WORK INSTRUCTIONS
When you repeat the entries below, keep each word exactly as it is and drop the pictures.
======== RECORDS
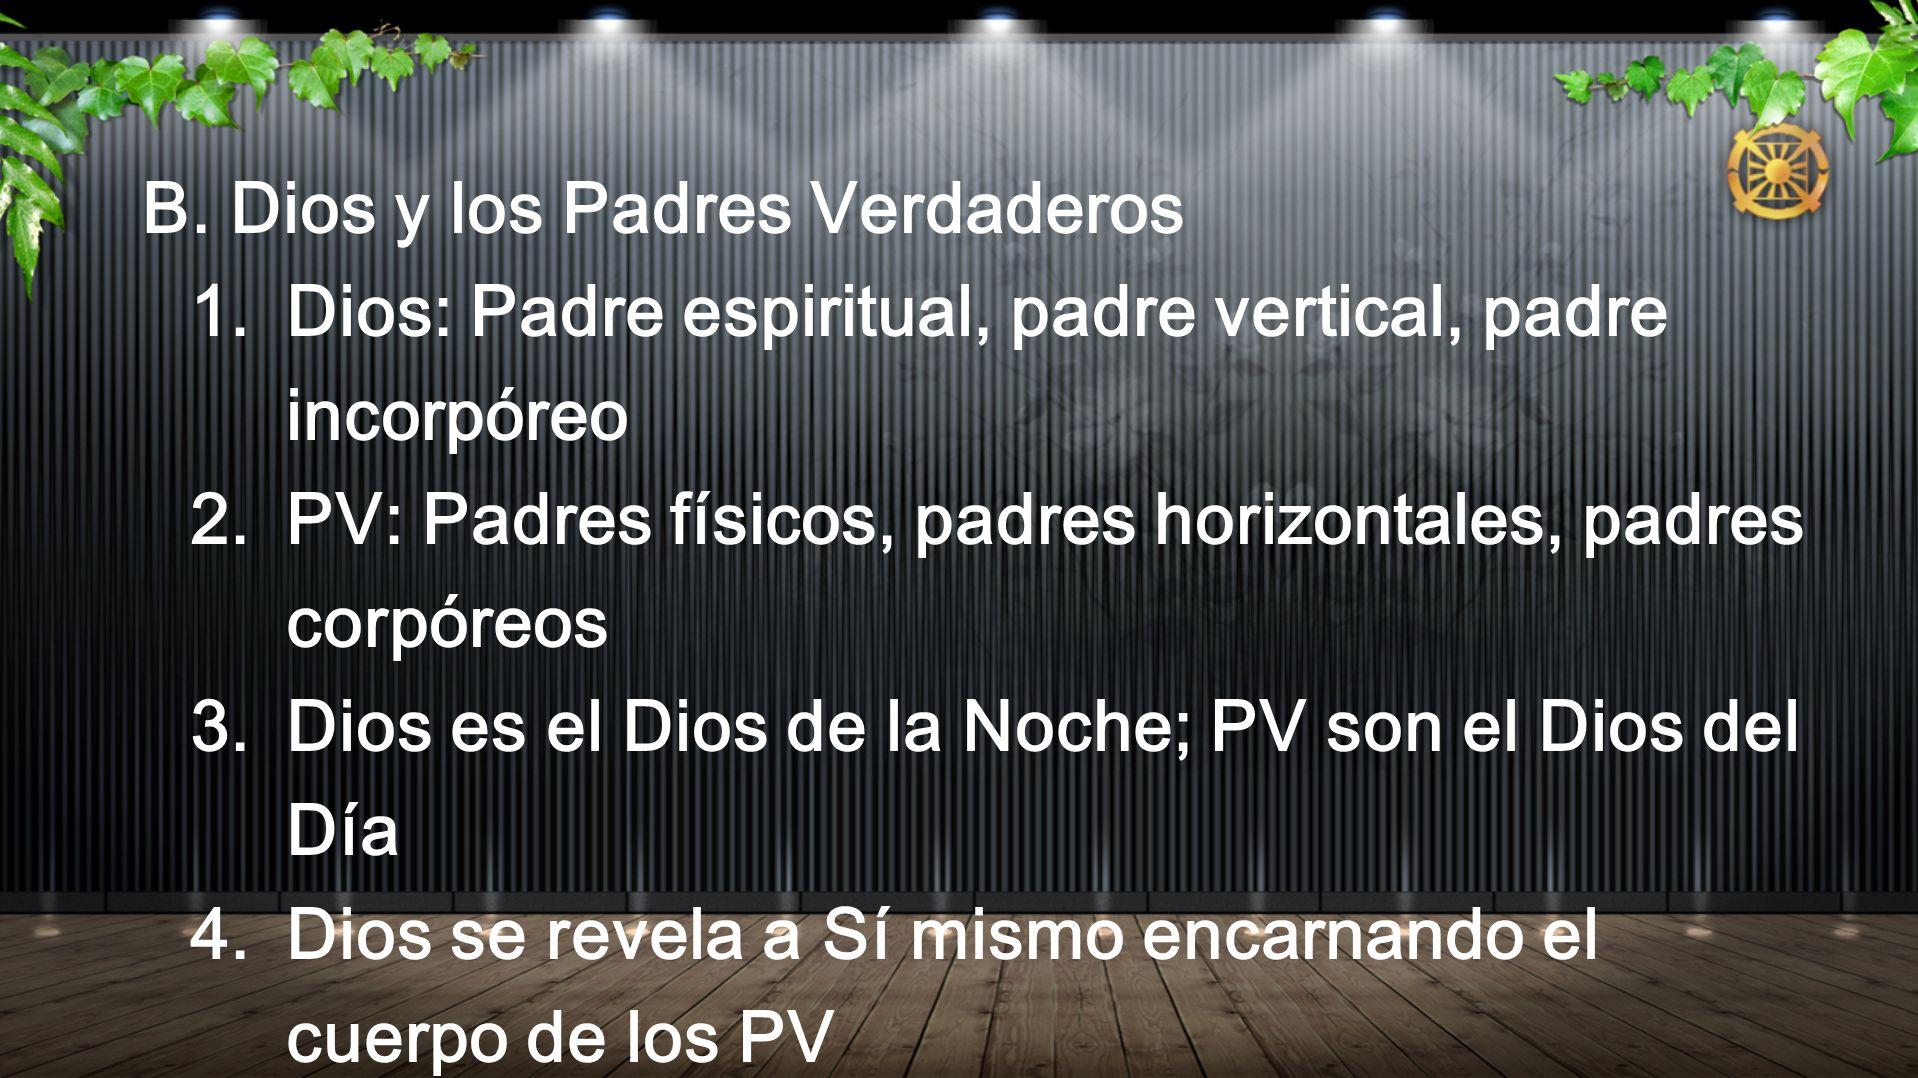 B. Dios y los Padres Verdaderos 1. Dios: Padre espiritual, padre vertical, padre incorpóreo 2. PV: Padres físicos, padres horizontales, padres corpóre
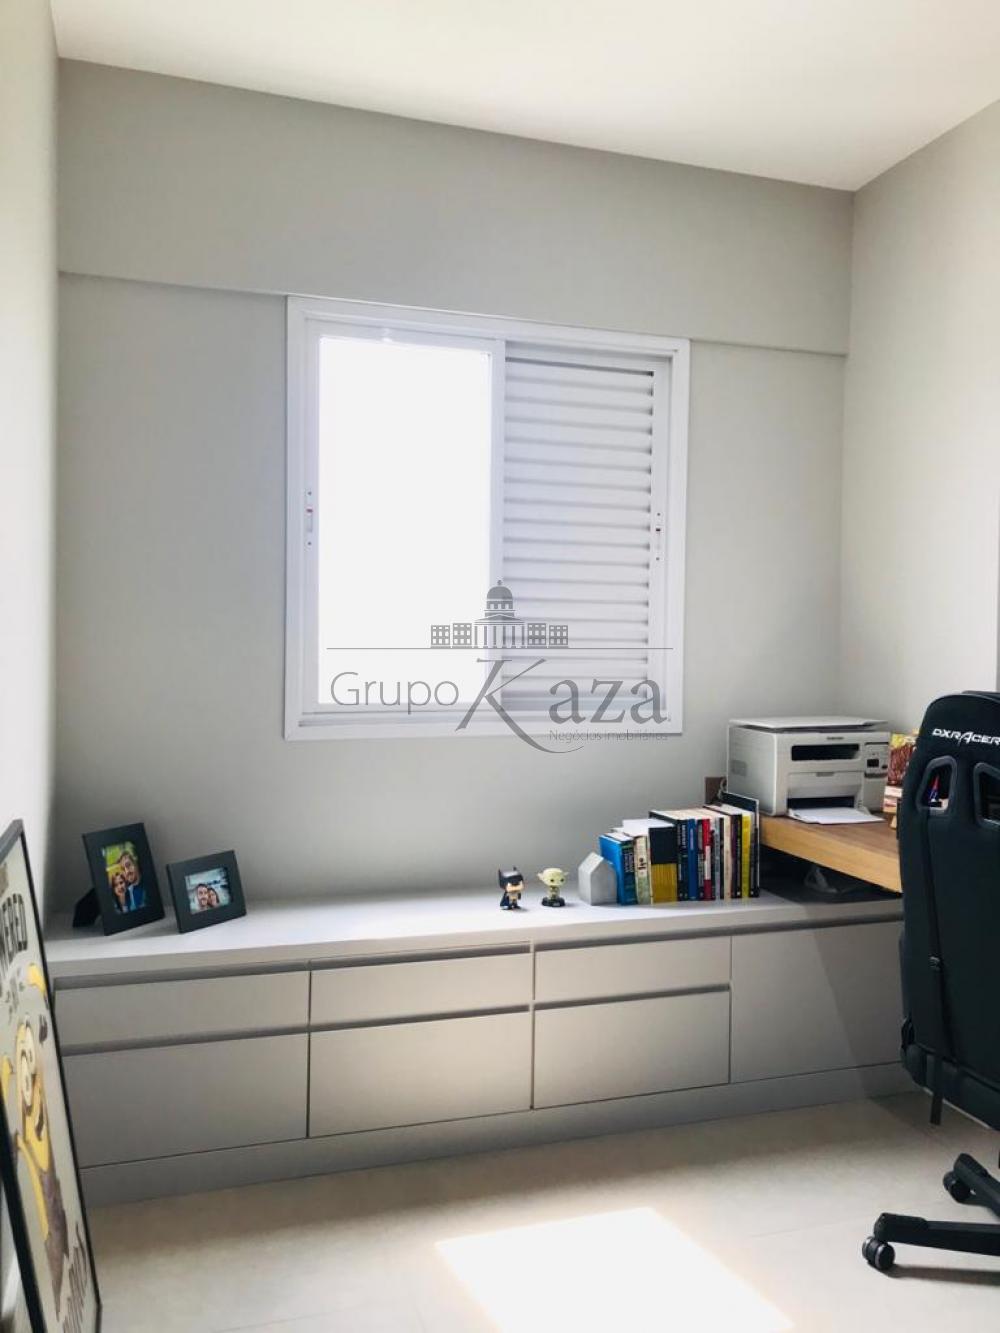 Alugar Apartamento / Padrão em São José dos Campos R$ 1.200,00 - Foto 15
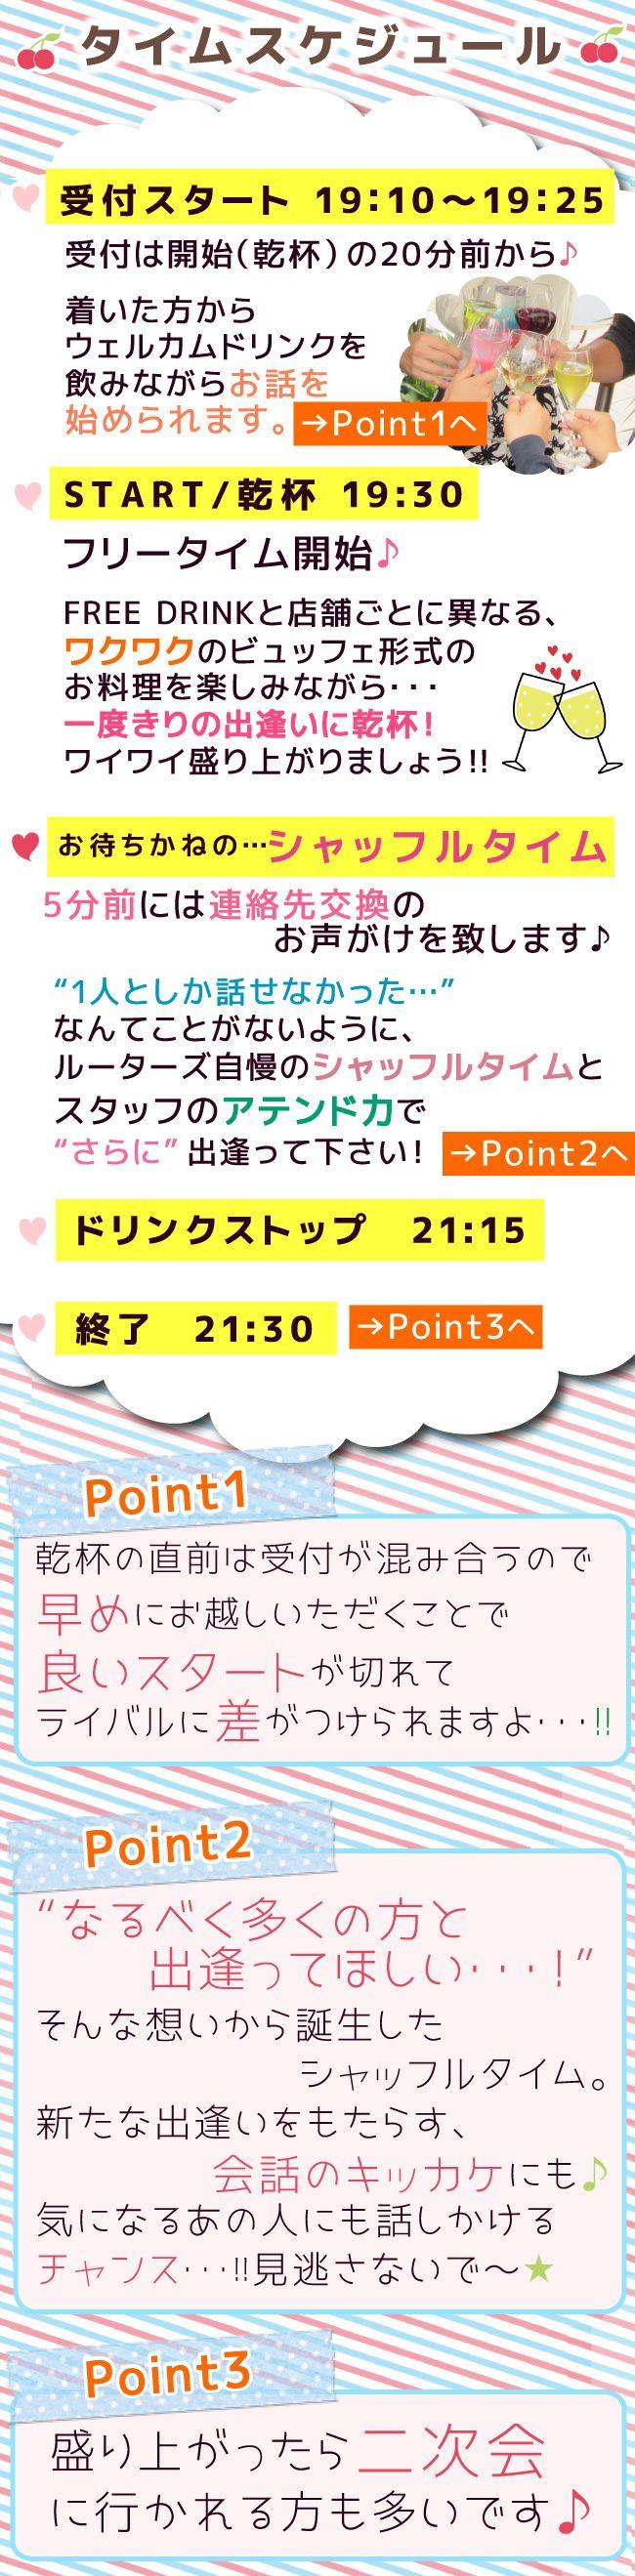 ★青山1910受付
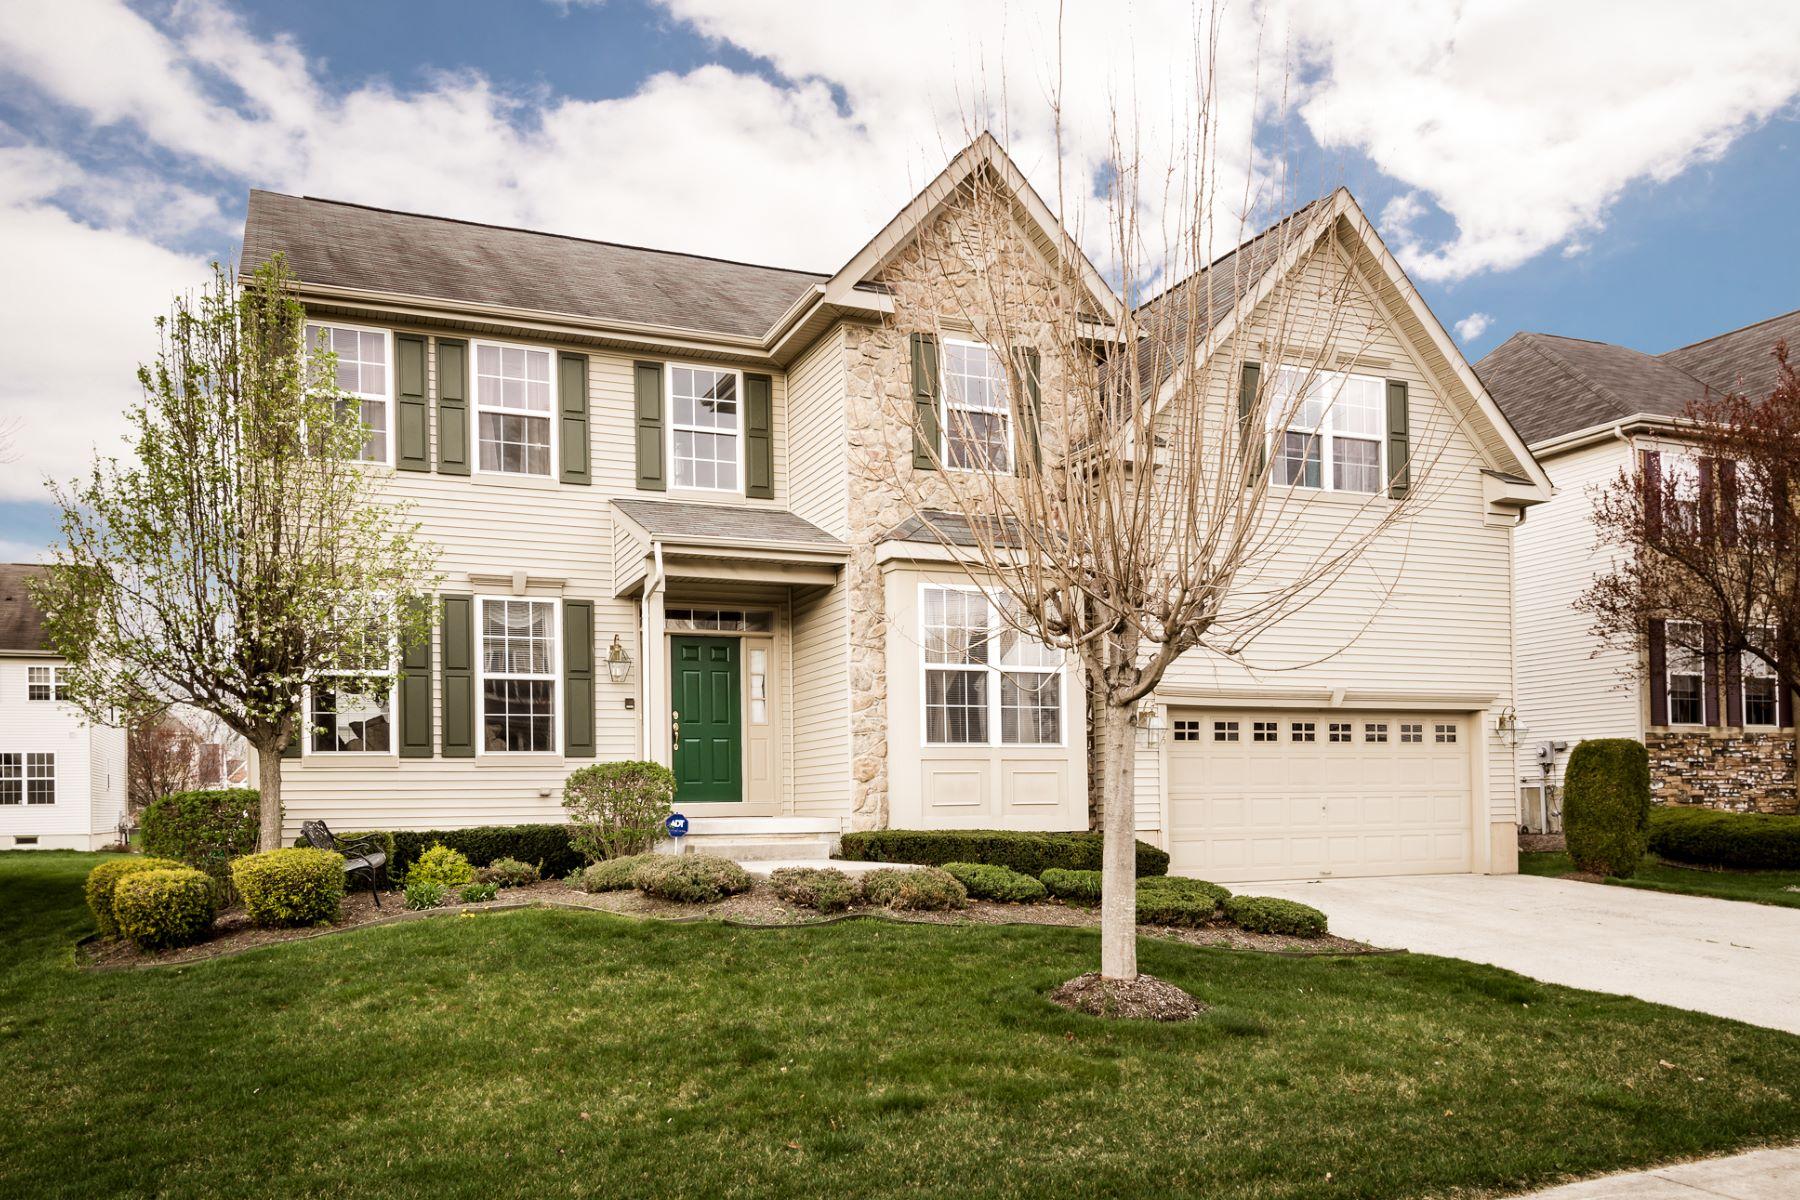 Maison unifamiliale pour l Vente à Elegant Bordentown Home 22 Ridgewood Drive Bordentown, New Jersey 08505 États-Unis
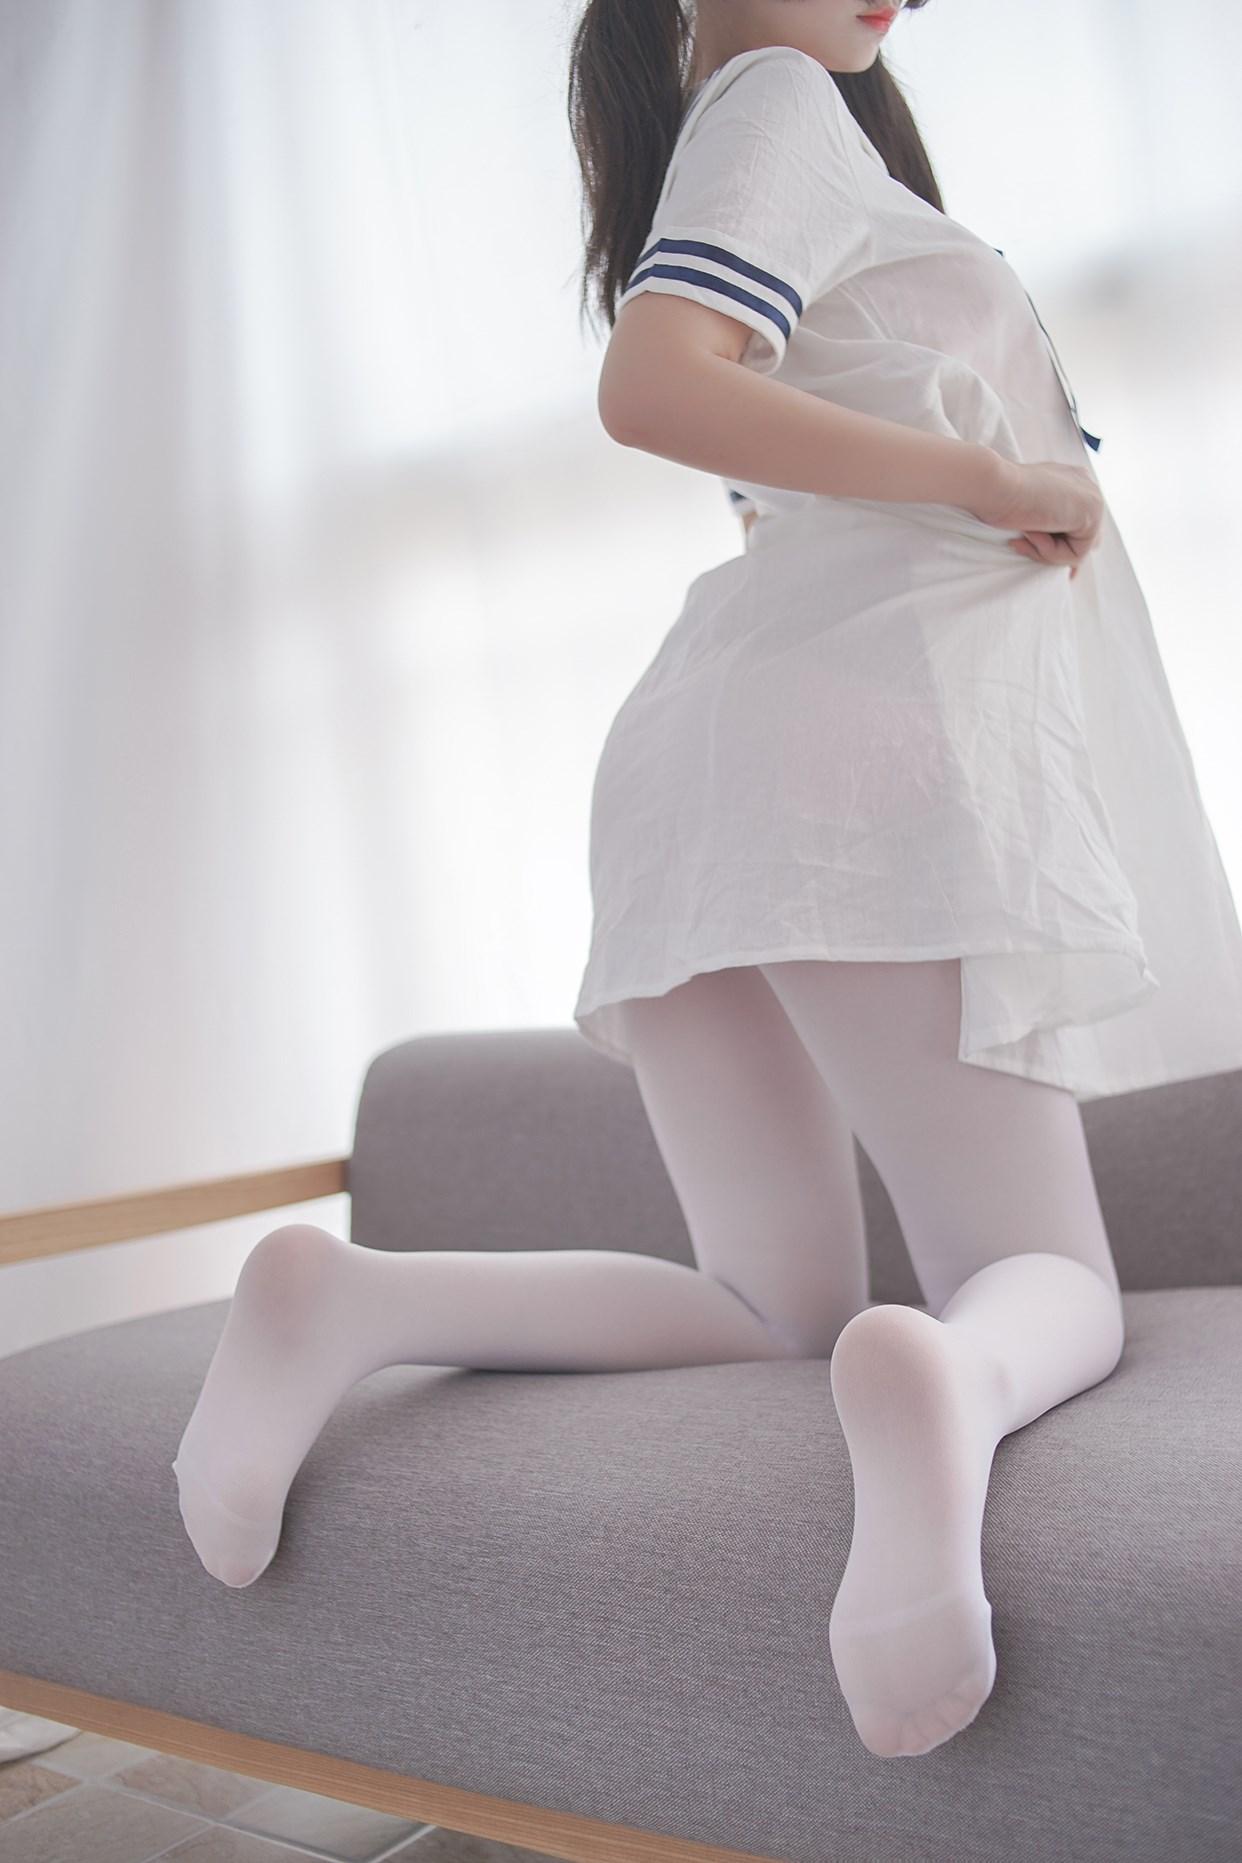 【兔玩映画】白丝喵喵 兔玩映画 第15张
================
OUTPUT FOR THIS EXERCISE
 B. Dios y los Padres Verdaderos 1. Dios: Padre espiritual, padre vertical, padre incorpóreo 2. PV: Padres físicos, padres horizontales, padres corpóre
 Alugar Apartamento / Padrão em São José dos Campos R$ 1.200,00 - Foto 15
 ★青山1910受付
 Maison unifamiliale pour l Vente à Elegant Bordentown Home 22 Ridgewood Drive Bordentown, New Jersey 08505 États-Unis
 【兔玩映画】白丝喵喵 兔玩映画 第15张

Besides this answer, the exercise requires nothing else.